22.10.2020 | KODWO ESHUN (Goldsmiths, University of London / GB)
Handsworth Songs as Black Industrialism
Abstract
In conversation with Kobena Mercer in 2016, John Akomfrah and Trevor Mathison of Black Audio Film Collective characterised the Collective’s 1982 slide tape work Expeditions: Signs of Empire and Images of Nationality in terms of ‘a sonic back- drop which one could only call “black industrial’. In the Second Lecture, this notion is extended beyond Expeditions so to argue that the Collective continued to pursue the notion of a black industrial aesthetic towards Handsworth Songs and beyond.
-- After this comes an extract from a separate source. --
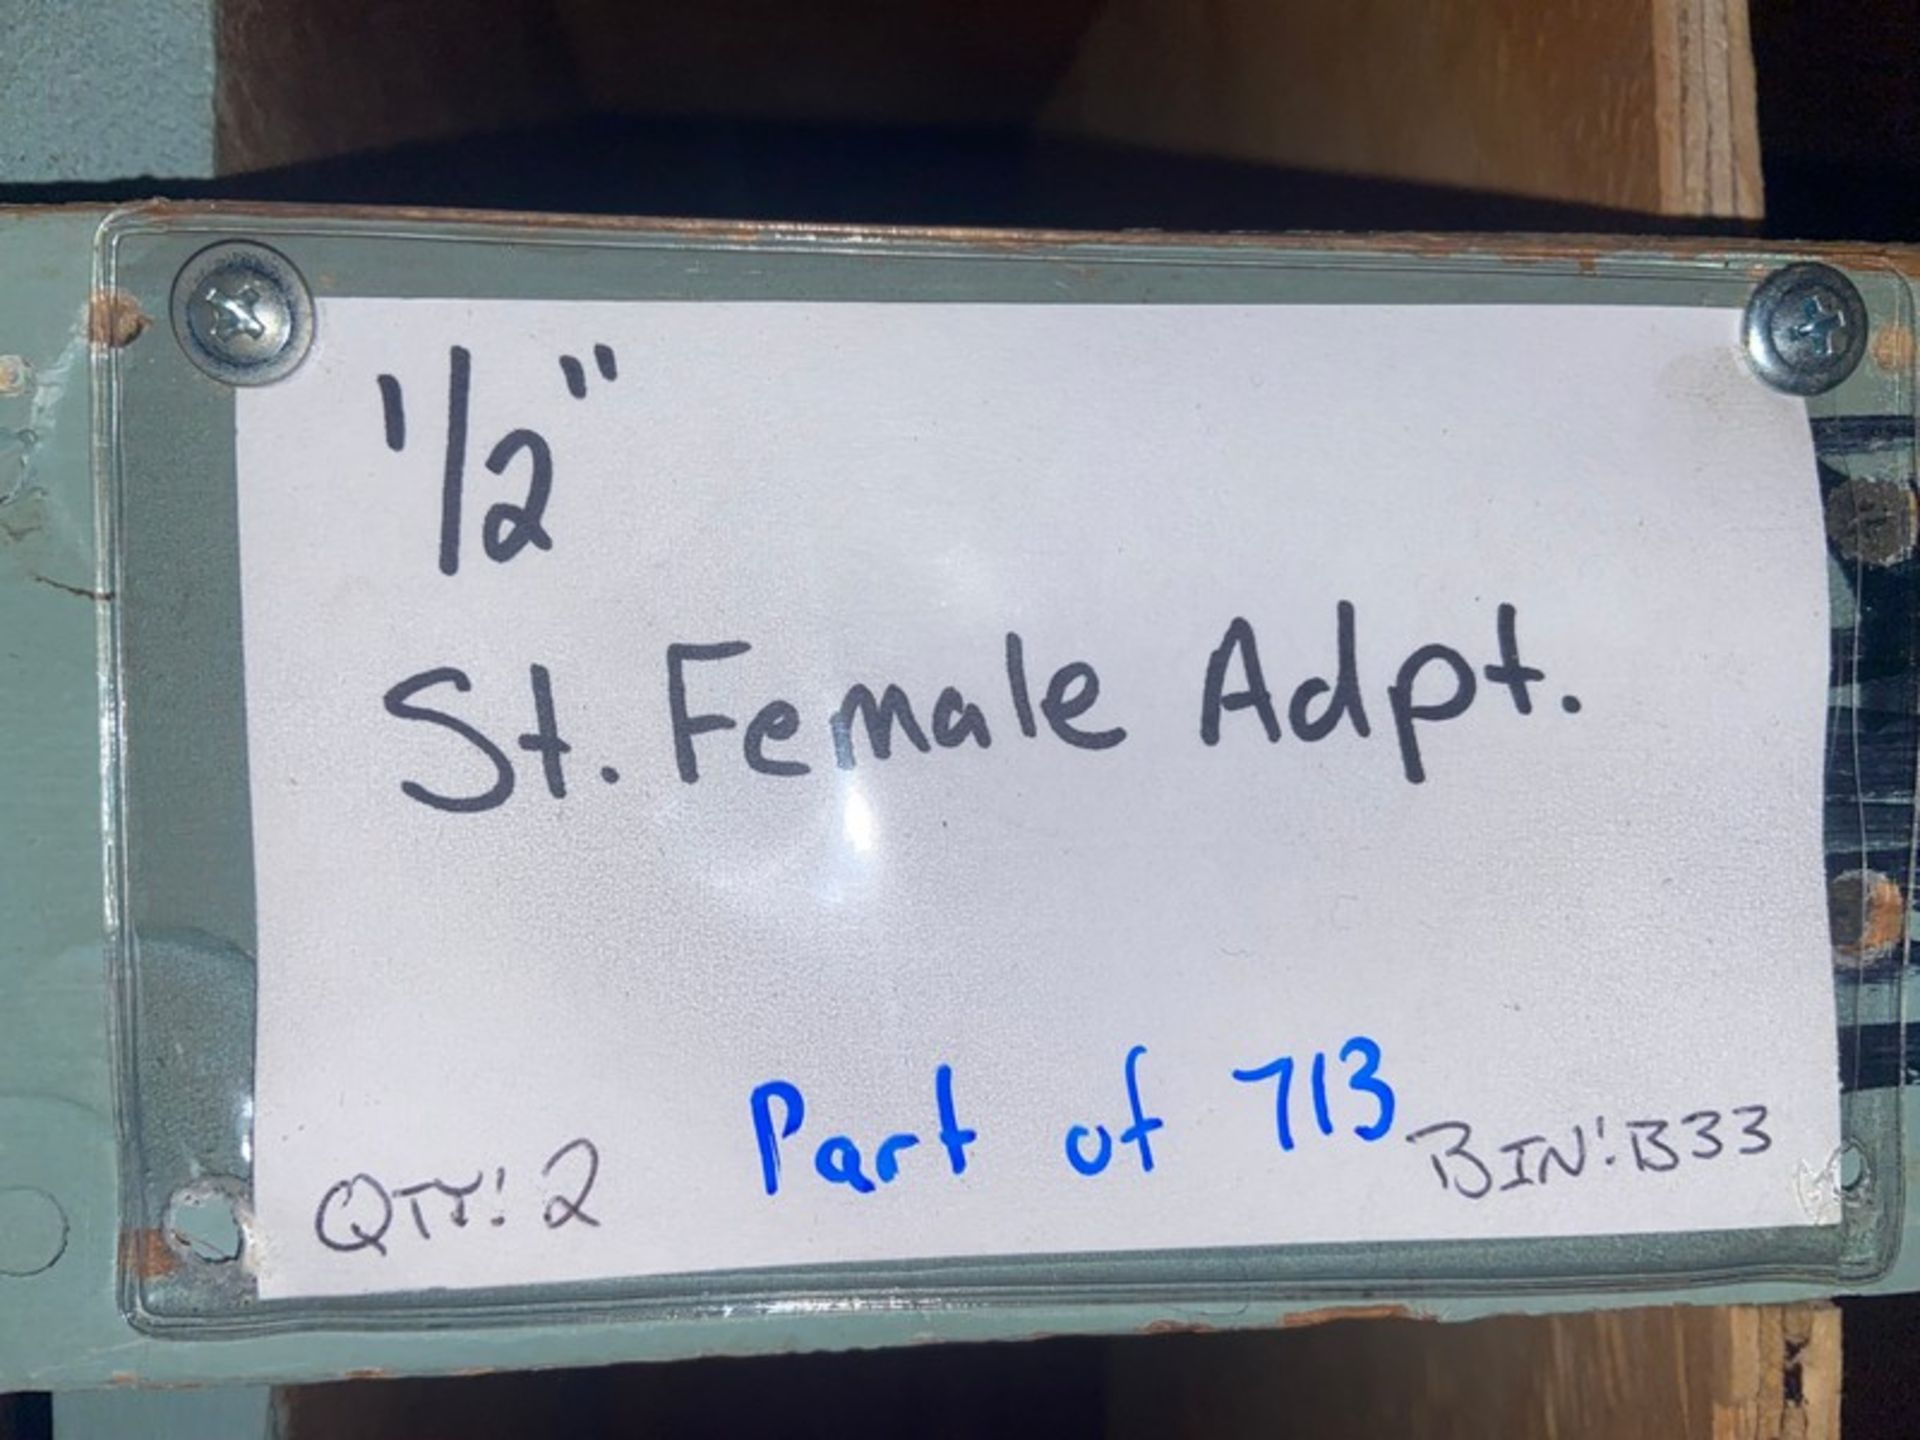 (147) Copper 1/2" Female Adpt. (Bin: B31/B32), with (2) Copper 1/2" St. Female Adpt. (Bin: B33) ( - Image 4 of 4

To hear Handsworth Songs from the perspective of the British industrial music culture of the late 1970s and 1980s is to rethink the parameters of audio in the Collective’s theorization of the becoming of black audio film collectivity. The idea of black audio can be heard as a cinesonic ecology in which the seditionary effects of punk, the mutational effect of post-punk and the blacklessness of industrial music converge to constitute an aesthetic sociality that works to reconfigure the frontier effects that reproduced the cine-culture of the British Left along the informally segregated racialised aesthetics of twentieth century British cinema.
Biographical Note
Dr. Kodwo Eshun is Lecturer in Contemporary Art Theory at Department of Visual Culture, Goldsmiths, University of London, Visiting Professor, Haut Ecole d’Art et Design, Genève and co-founder of The Otolith Group. He is co-editor of The Fisher Function, 2017, Post Punk Then and Now, 2016, The Militant Image: A Cine-Geography: Third Text Vol 25 Issue, 2011, Harun Farocki Against What? Against Whom, 2010 and The Ghosts of Songs: The Film Art of the Black Audio Film Collective 1982–1998, 2007 and author of Dan Graham: Rock My Religion, Afterall, 2012, and More Brilliant than the Sun: Adventures in Sonic Fiction forthcoming on Verso, 2021.